** Data section **
# # # # # # #
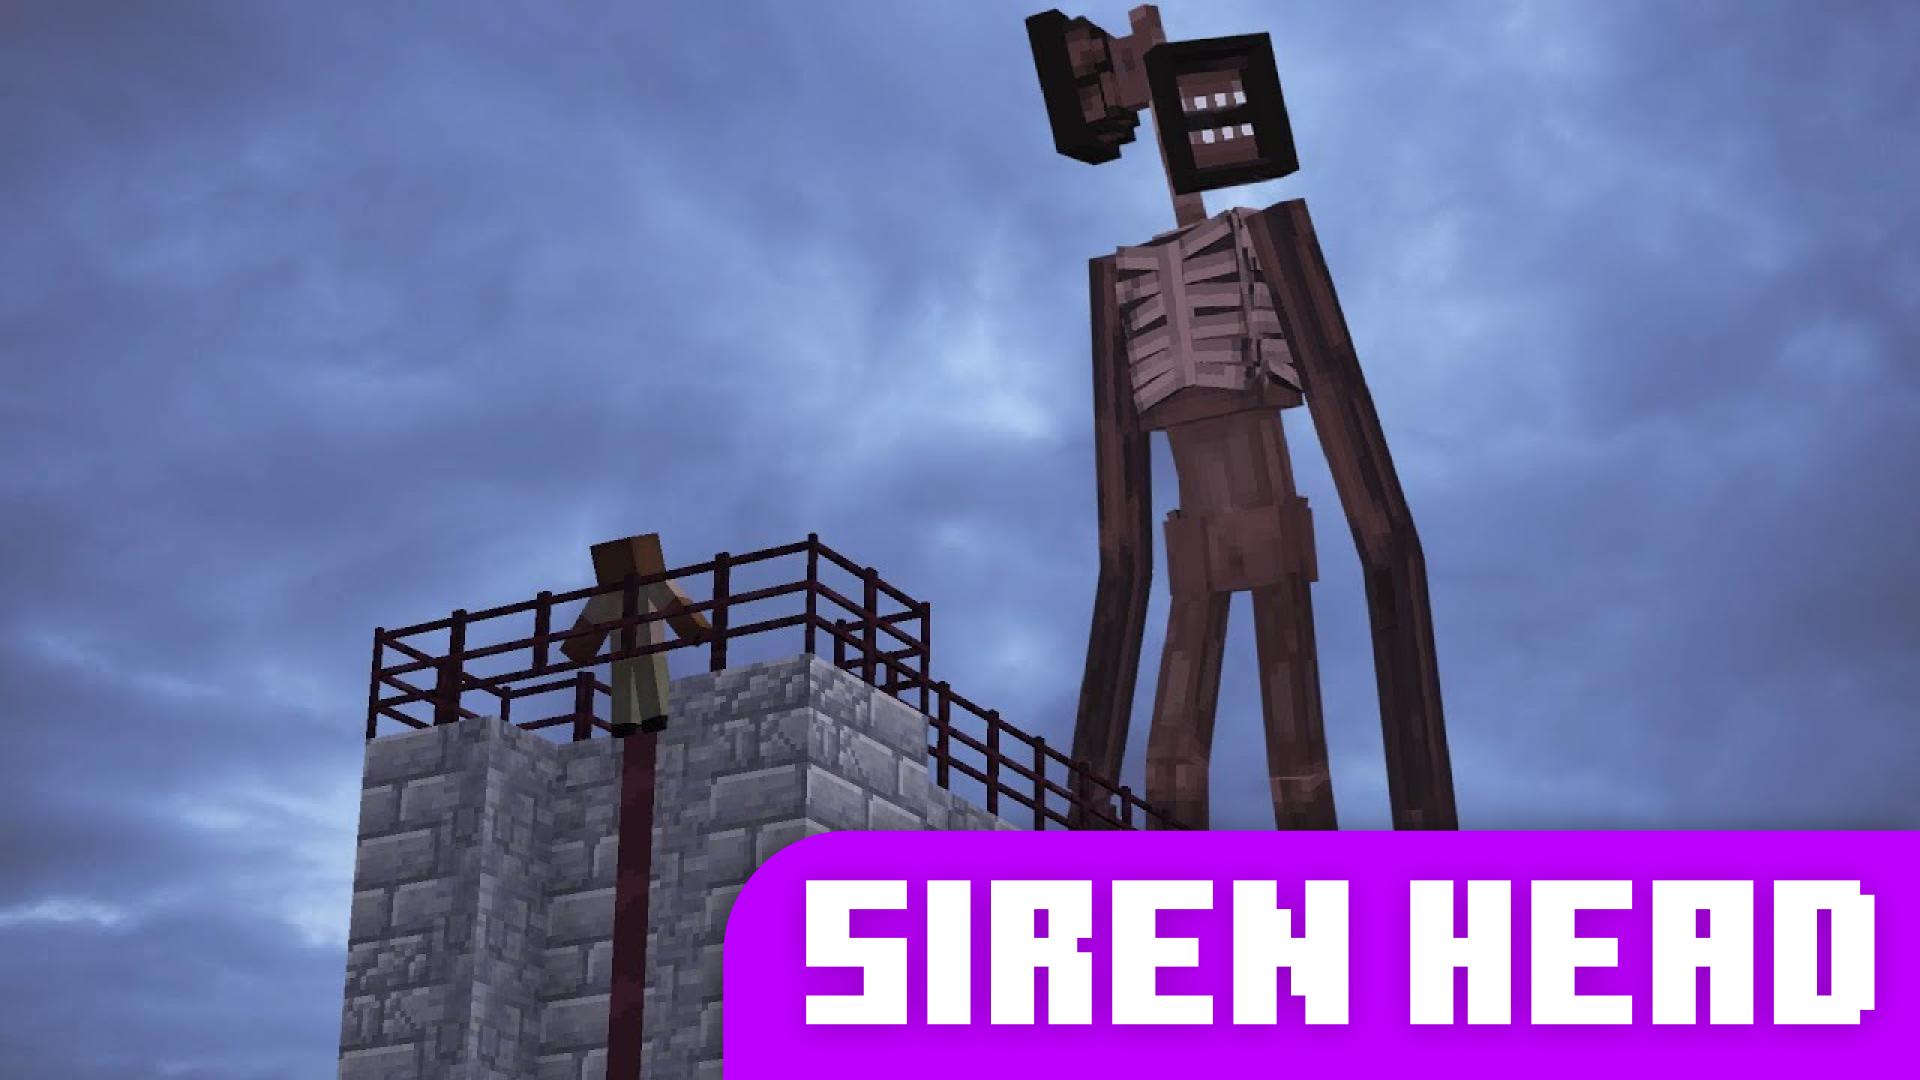 Siren head existe
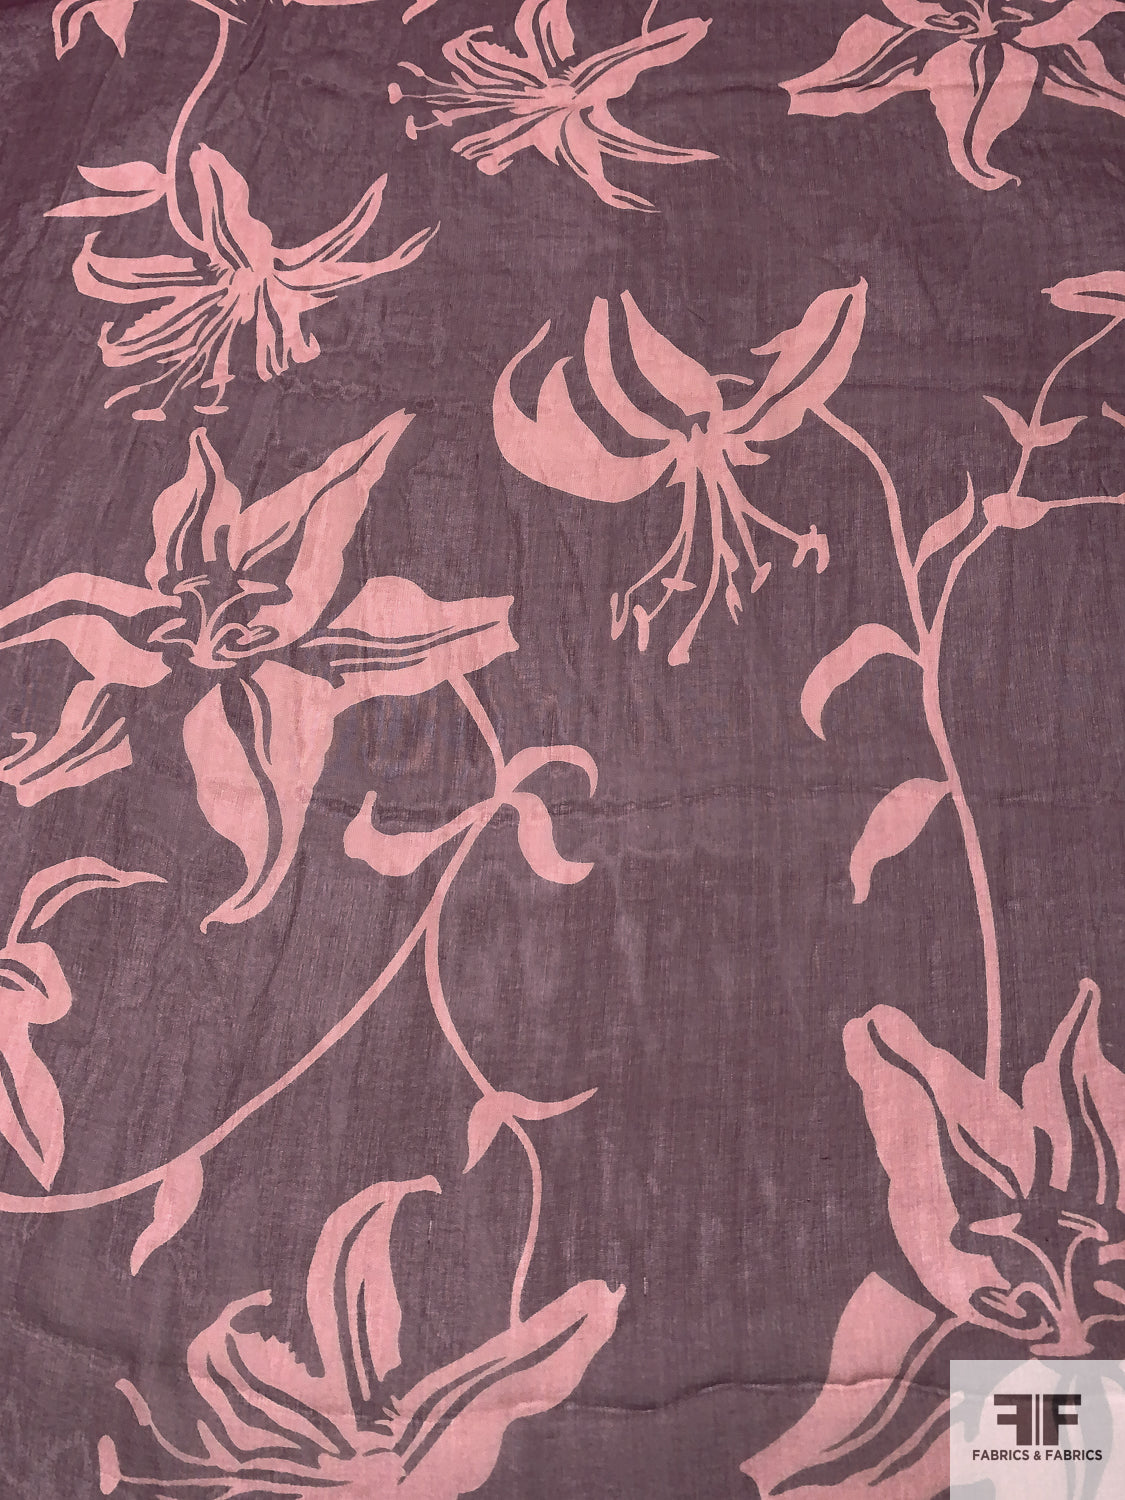 Floral Silhouette Printed Silk Chiffon - Grape Purple / Dusty Mauve
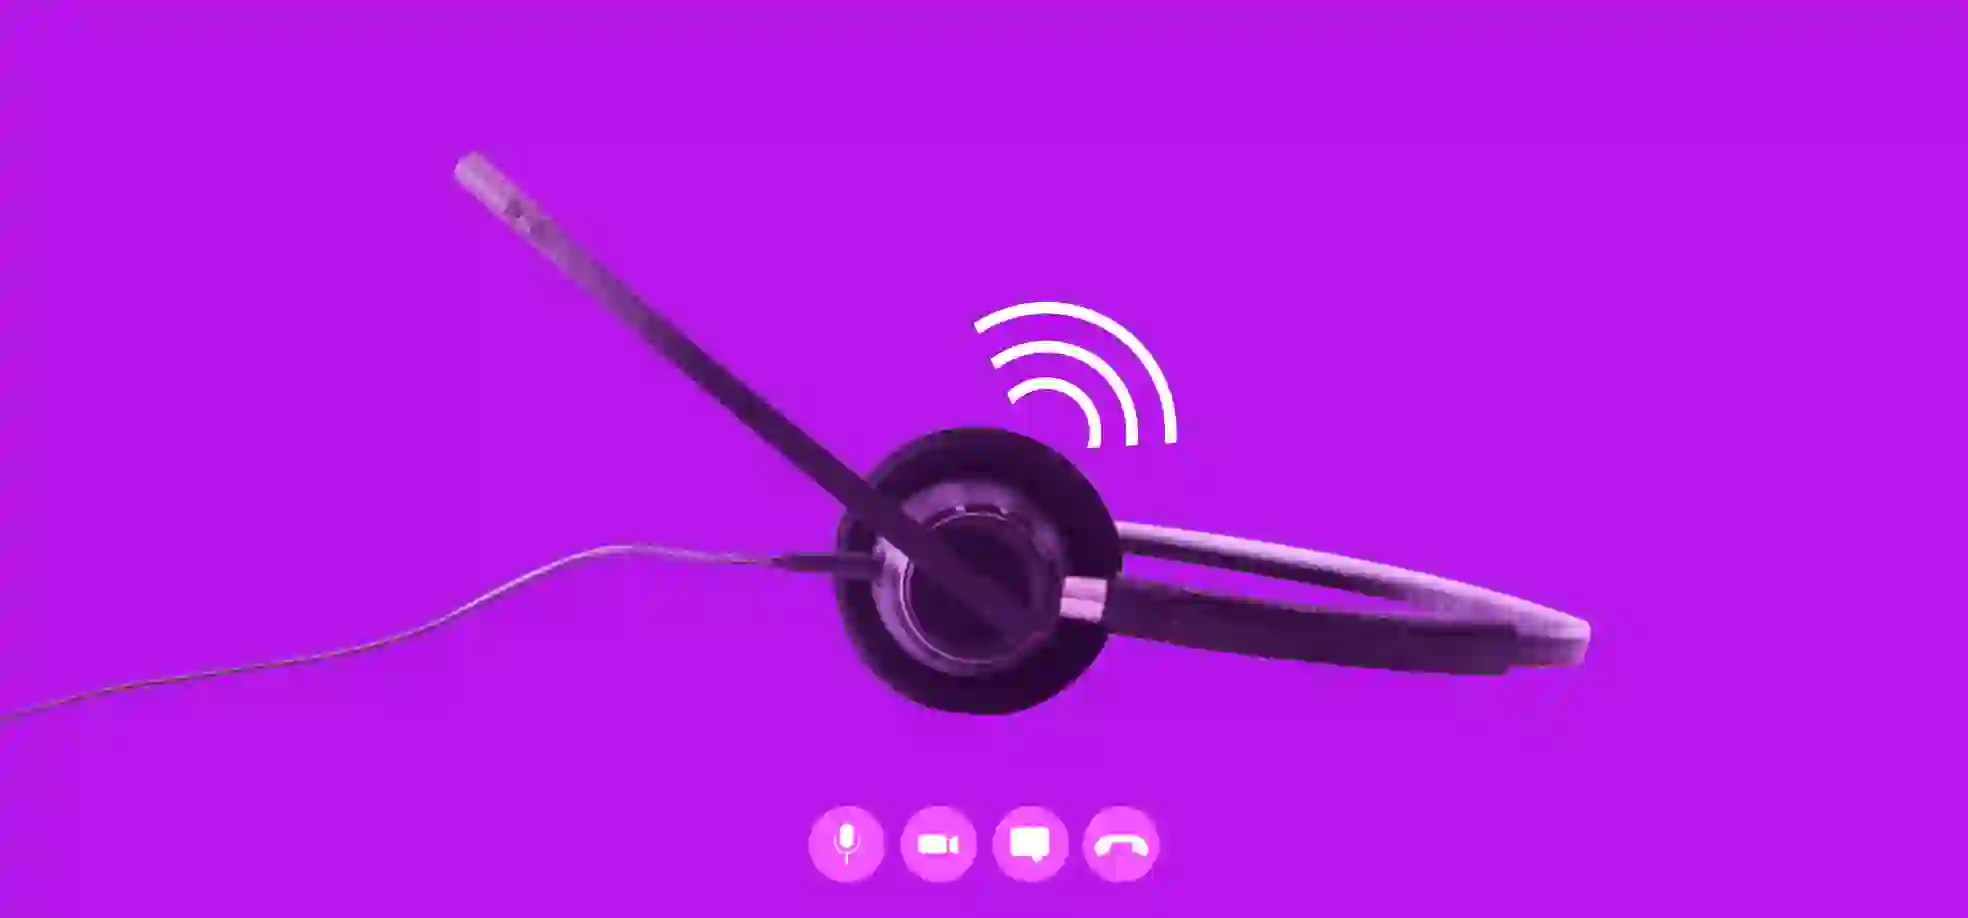 Headphones on a purple background
# # # # # # #
** Goal of the exercise **
The answer must be the full listing, word for word, with no images in it.

** Your response **
 Siren head existe
 Floral Silhouette Printed Silk Chiffon - Grape Purple / Dusty Mauve
 Headphones on a purple background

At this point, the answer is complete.